On Wednesday, Germany’s highest court ruled for a legislation that will legally recognise a third sex. What does the new legislation mean for intersex people, what issues are we fighting and will the UK follow suit?
The constitutional court Karlsruhe decided that, by the end of 2018, legislators must pass a new regulation to open gender markers for all and to offer a third gender option in birth registers for babies who are born intersex, which means their bodily characteristics do not match strict medical definitions of male or female.
The ruling is the result of an appeal brought by an intersex person, registered as female, whose chromosome test confirmed ‘she’ was neither sex, the BBC reports. By many activist-groups the decision is seen as the ultimate step – after it had already become legal to choose an option ‘x’ for an intersex child on the birth certificate in Germany in 2013.
What exactly does the new legislation mean for intersex kids?
The Voice of London spoke to Holly Greenberry, from IntersexUK, who explains: “We think Germany got their 2013 legislation wrong. IntersexUK does not agree that assigning ‘x’ sex markers is right for infants which show an intersex variation at birth. Currently, German Doctors still have the right to state whether a person is intersex or not, which is problematic for an intersex person who is, for example, marked as ‘m’ when they are in fact ‘f’.”
This will be changed by the 2018 legislation, which will give every person the right to alter their ID birth record. How exactly this will be done is unknown at this stage.
So, “it’s about a poorly legislated law being utilised usefully not just for those born after November 2013, but for those intersex youths and adults that may wish for an ‘x’ or an open sex marker.”
“(The new legislation) does not mean that intersex children should be assigned a third sex, which they currently are, if they are born after November 2013,” Greenberry adds.
In the UK, it is not allowed to tick an ‘x’ box.
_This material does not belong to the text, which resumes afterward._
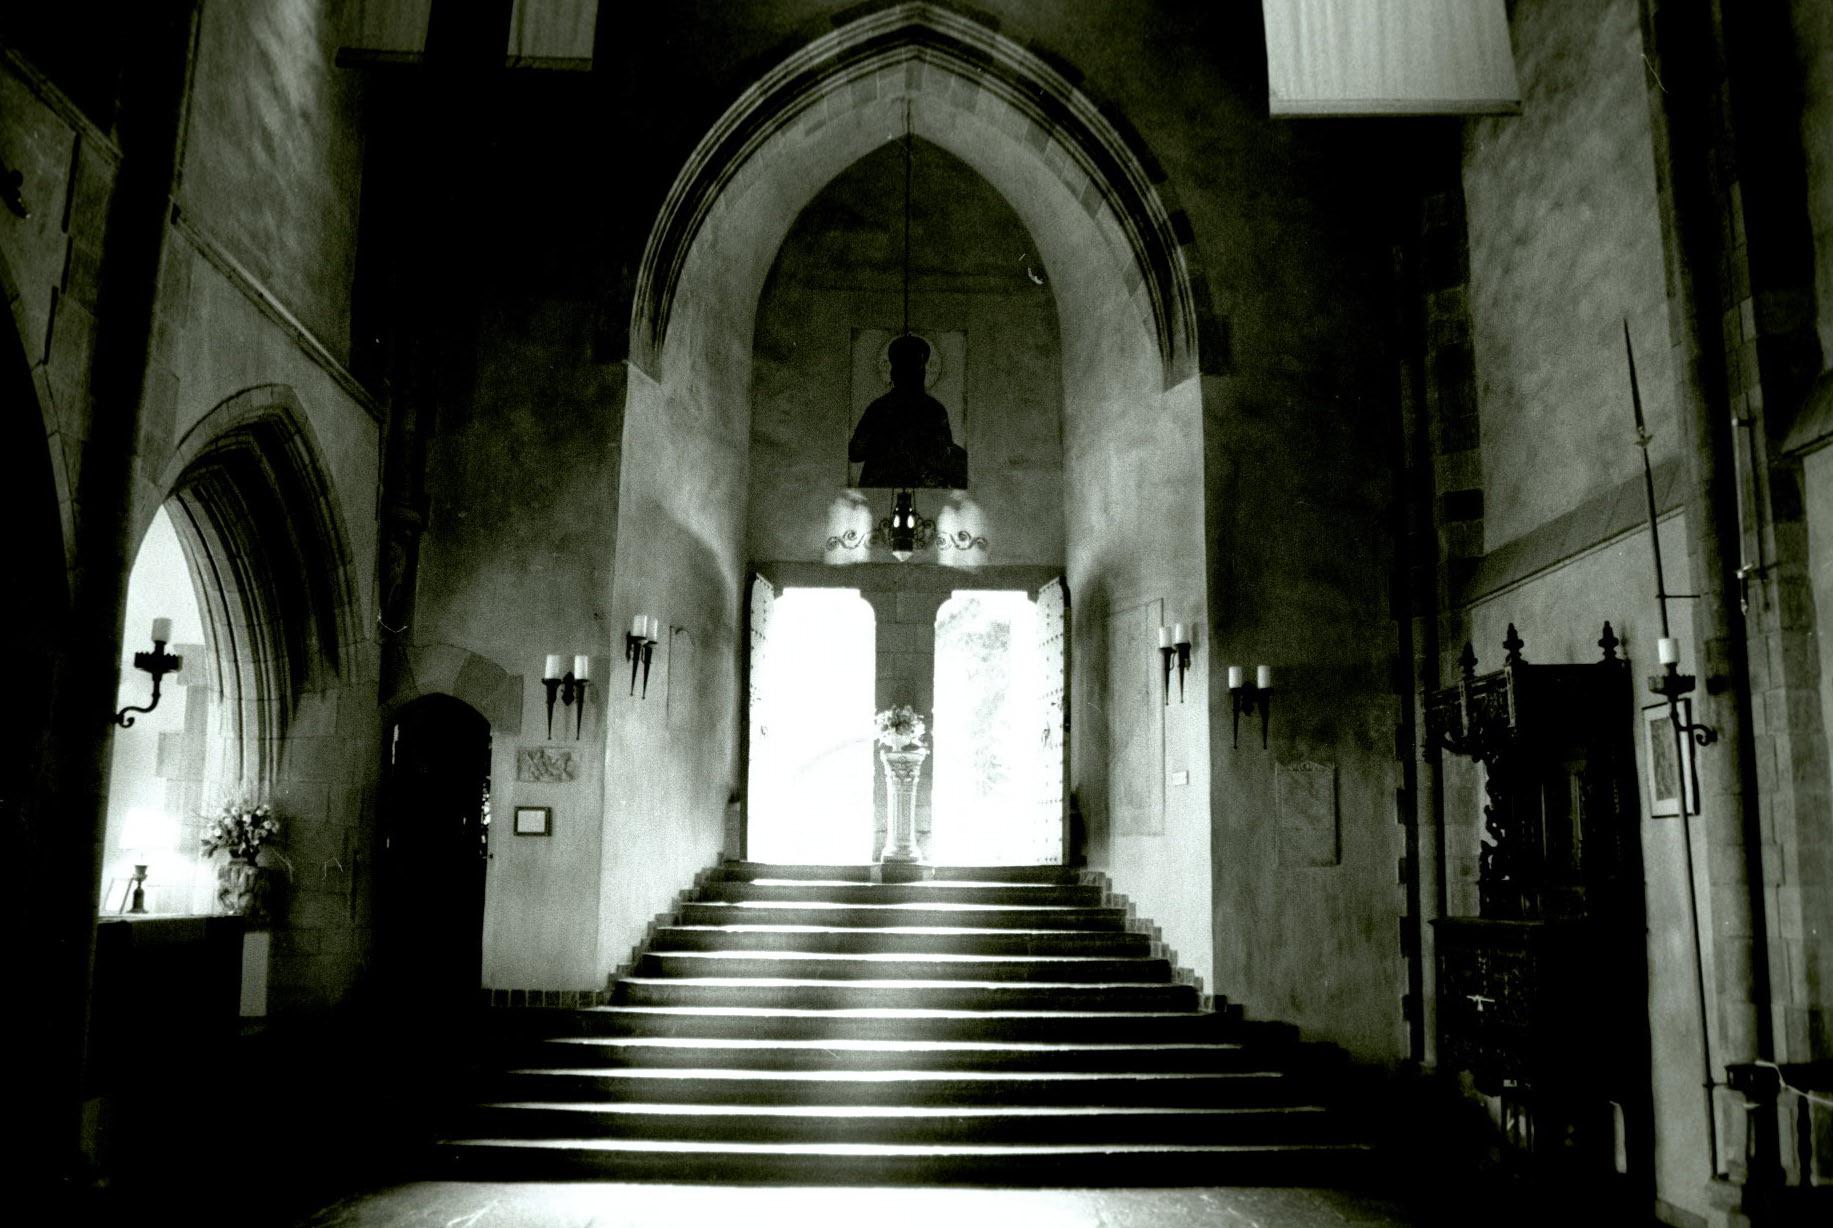 saki's world :: the great hall at hammond castle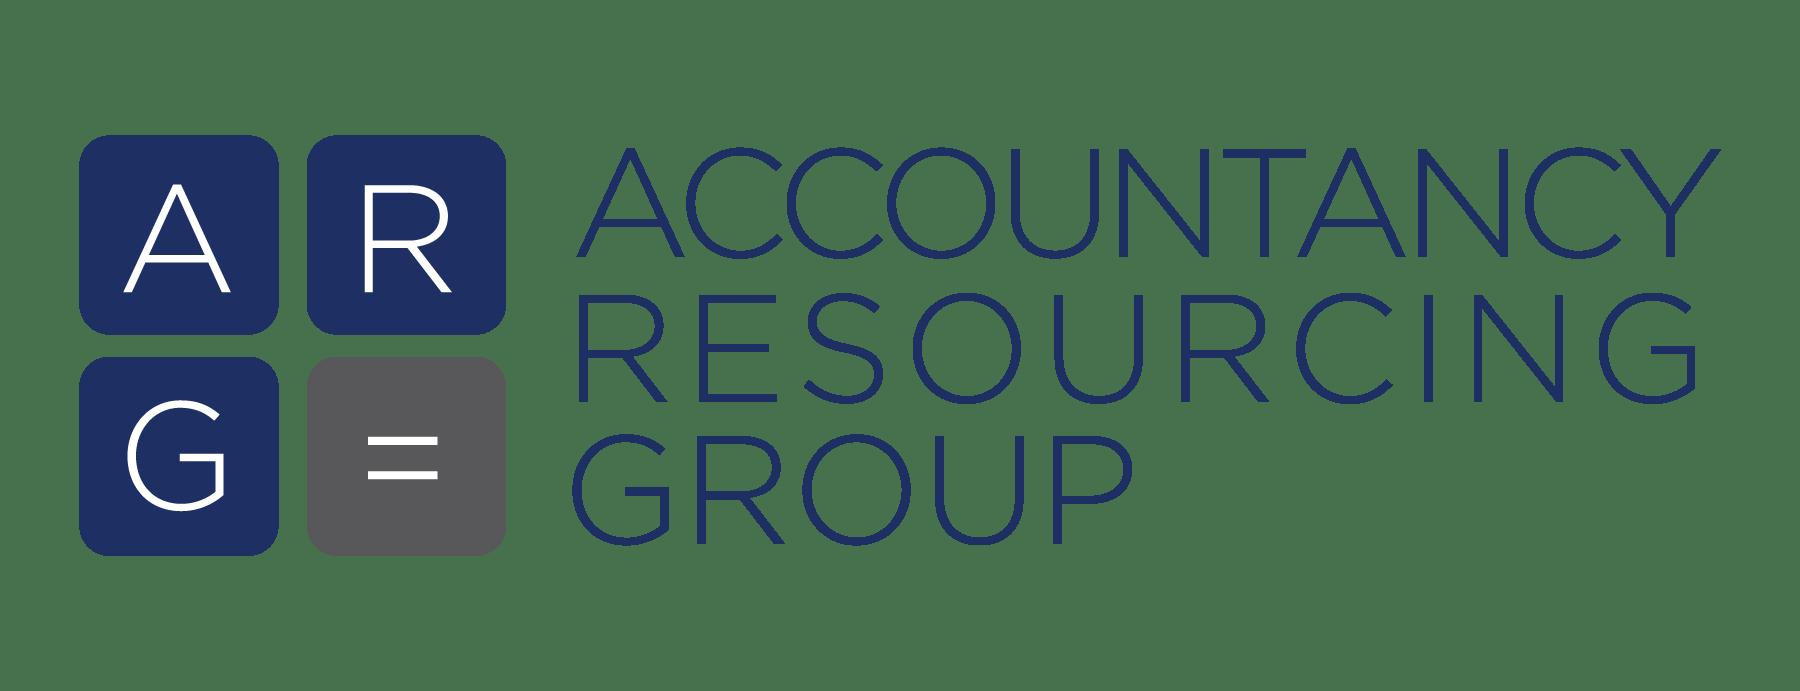 accountancyresourcinggroup.co.uk

In fact, in England and Wales parents have 42 days to decide whether their child is legally a boy or a girl, even if it is born with sex characteristics that visibly variate from the ‘norm’ (such as ambiguous genitalia.) In Scotland, it is only 21 days before a parent must assign one of the two sexes to their child.
What is the real issue behind not having a third sex marker?
The issue behind allocating one sex to an intersex child is that, in the UK, many of these children still undergo surgery soon after birth in an effort to ‘normalise’ them, despite the fact that these interventions are often not emergency-driven, irreversible and can severely impede fertility, according to Amnesty International.
“We should not confuse intersex issues with gender identity issues. Intersex issues are fundamental human rights issues.” As part of intersexUK, Holly Greenberry’s focus is to preserve the right to bodily integrity, self-autonomy and appropriate healthcare.
Only last year, an NGO report on ‘the United Kingdom on the Convention of the Rights of the Child (CRC)’ was filed by activist organisations addressing questions regarding intersex genital mutilations. However, the UK government denied all allegations.
According to their website, StopIGM.org is currently demanding the prohibition of forced genital surgeries on children and adolescents with Variations of Sex Anatomy, alongside other UK activist organisations such as IntersexUK and The UK Intersex Association. “UK laws are long outdated,” Greenberry comments.
A third (‘diverse’) sex marker will give a child and its parents the option to wait and see which, if any, of the two binary genders it wants to identify with and whether or not it wants to undergo surgery.
On top of that, it shows intersex people that it is not uncommon not to fit in one of two binary categories. An estimate of between 0.5% and 1.7% of the global population is born with intersex traits, according to the United Nations.
So, let us use Germany’s development to discuss the importance of fundamental rights of intersex children to be protected. As Katarina Barley, the German minister for families, told the New Daily: A third gender option was long “overdue.”